ㅤВ гробовой тишине дома звук дверного звонка показался взрывом. Эмили вздрогнула, уронив чашку с остывшим чаем, который она так и не решилась выпить. Зеленые осколки фарфора разлетелись по кухонному полу, смешавшись с рассыпавшимися чайными листьями. Она не хотела никого видеть. Не хотела говорить. Она хотела забиться в самый темный угол и чтобы все просто оставили её в покое.

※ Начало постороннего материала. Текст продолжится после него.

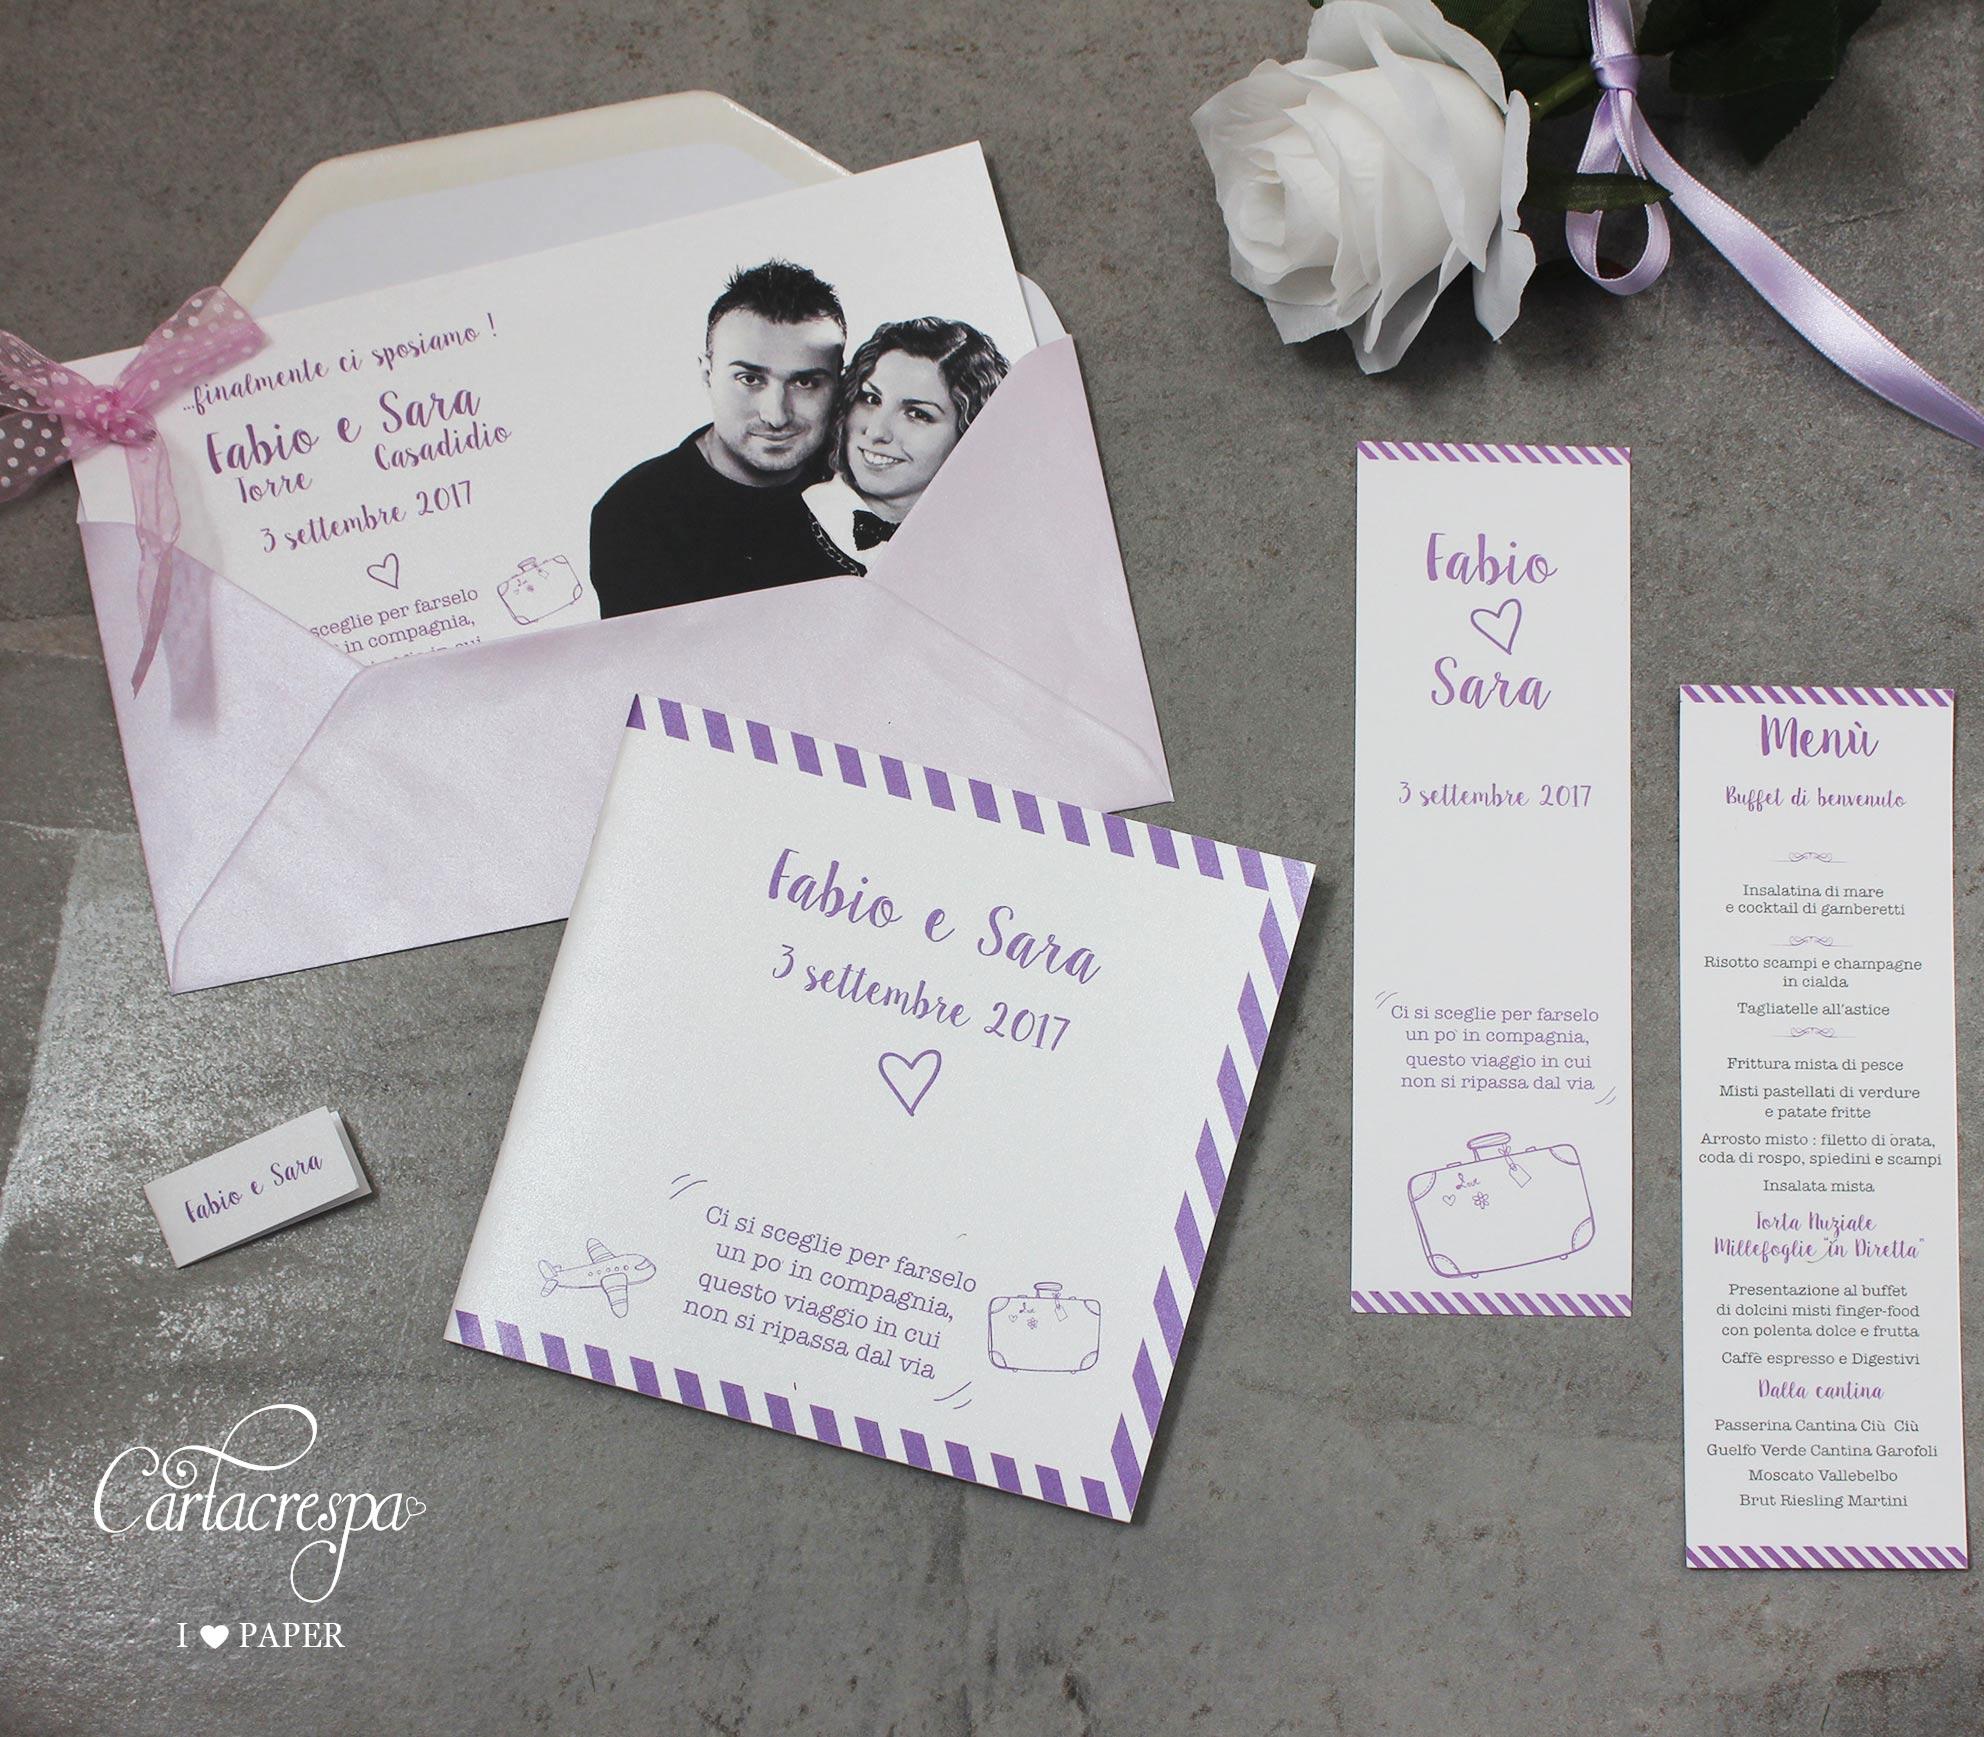 Frasi Matrimonio Sul Viaggio.Un Coordinato Partecipazioni A Tema Viaggio Dedicato A Sposi

ㅤНа пороге стояла София. Она выглядела на десять лет старше. Темные, почти фиолетовые круги под глазами, осунувшееся лицо, в одной руке – скомканная пачка сигарет, хотя Эмили точно знала, что она не курит, в другой – белый конверт.

– Впусти меня, – голос Софии был хриплым, прокуренным, будто она не спала все эти две недели. – Пожалуйста. Это важно.

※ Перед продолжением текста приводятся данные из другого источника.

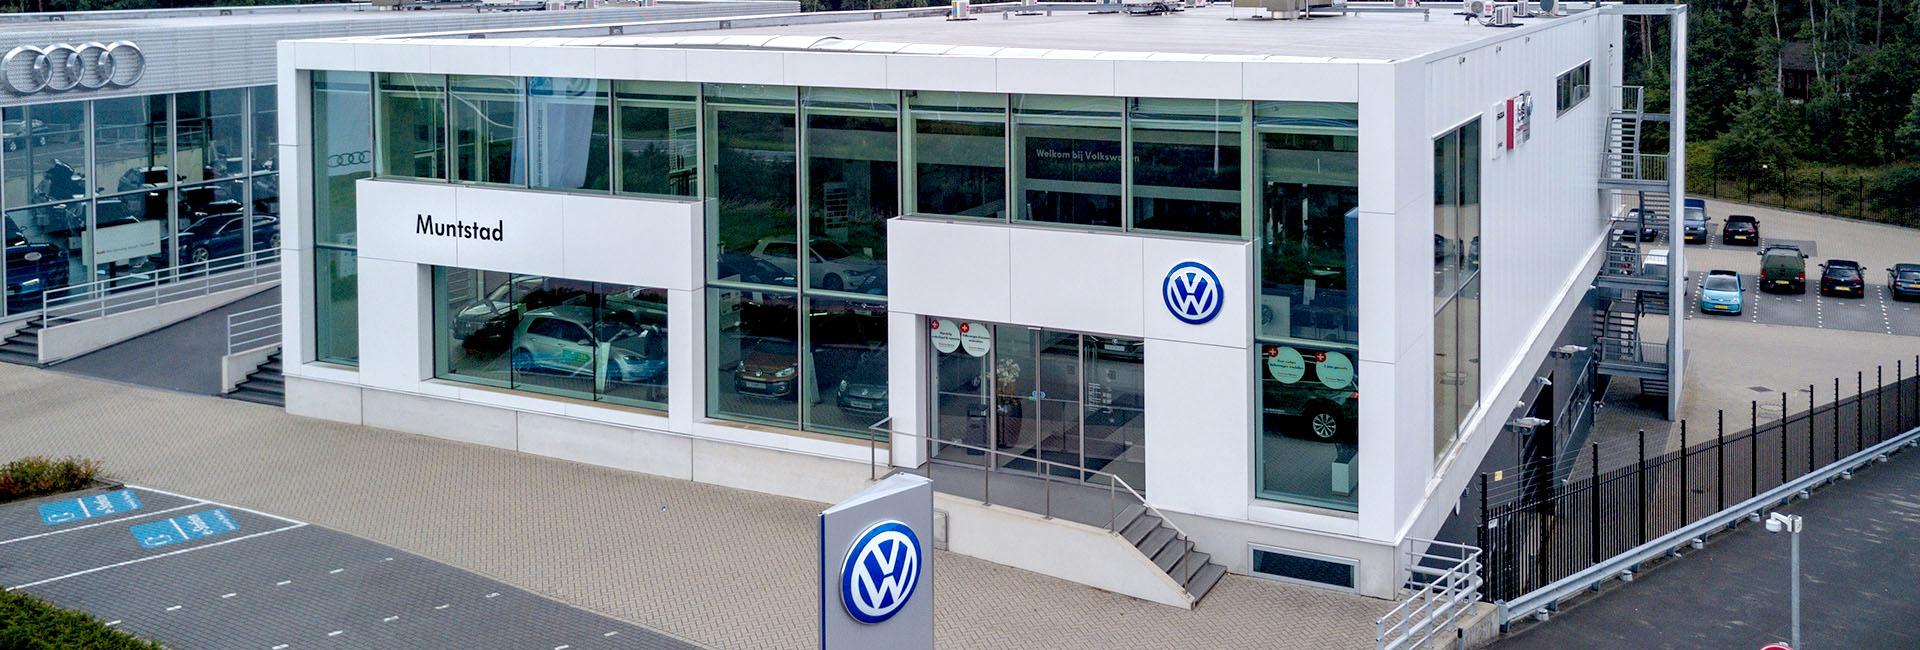 Dealer Muntstad Zeist Volkswagen Nl

ㅤОни молча сидели на кухне. Эмили сгребла осколки в кучку, но убирать не стала. Просто смотрела на них, на острые, опасные грани, чувствуя их притягательность.

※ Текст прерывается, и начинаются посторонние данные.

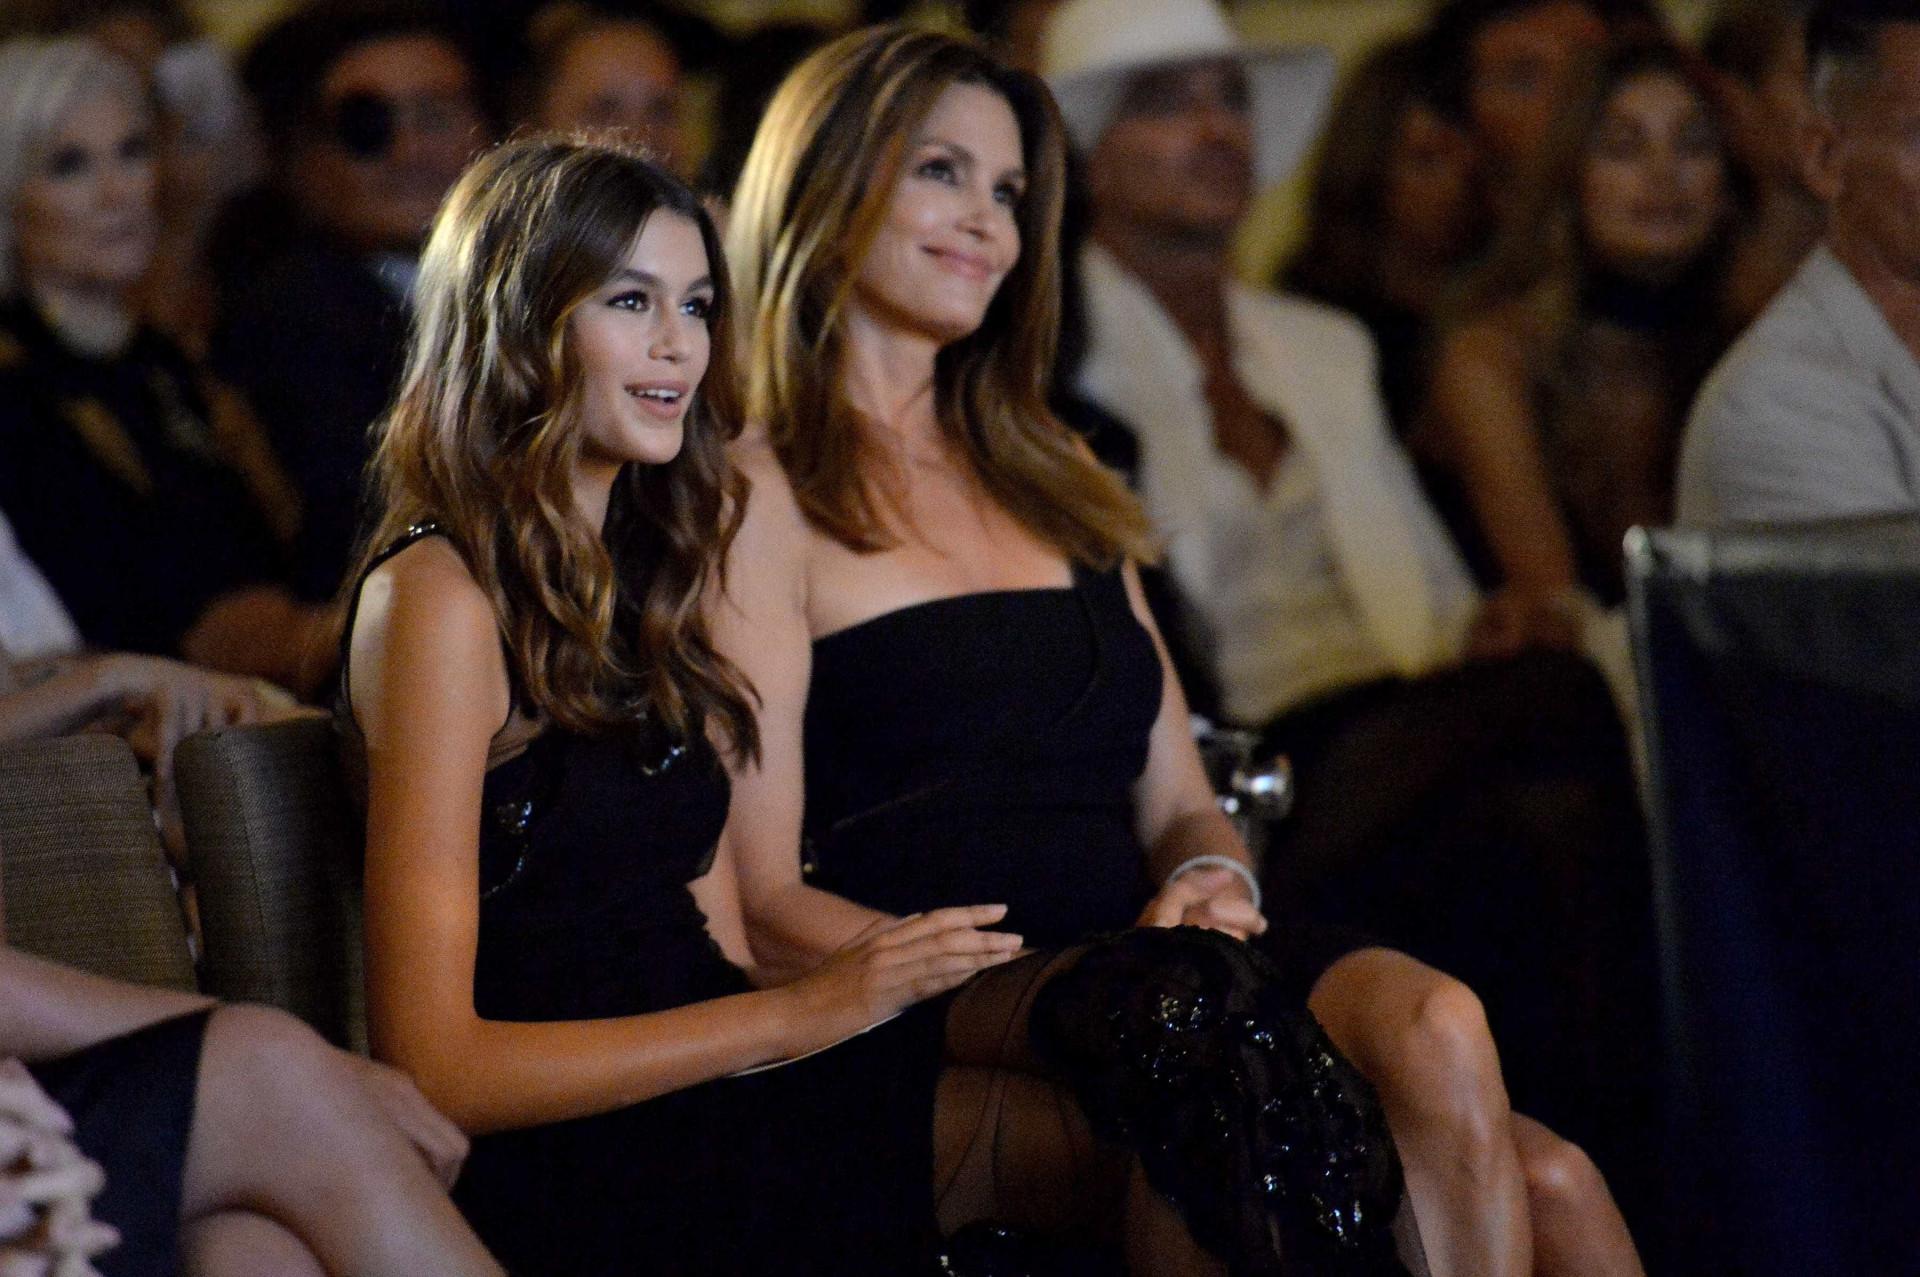 As filhas que herdaram o talento e a beleza das mães

– Мне тоже снятся кошмары, – наконец сказала София, не глядя на подругу, уставившись в зелёную кучку на полу. – Каждую ночь. Я слышу этот звук. Этот… лязг. – Она сжала кулаки, и костяшки побелели. – Но это не просто кошмары, Эмил. Вчера… вчера я нашла это у себя в комнате. На подоконнике.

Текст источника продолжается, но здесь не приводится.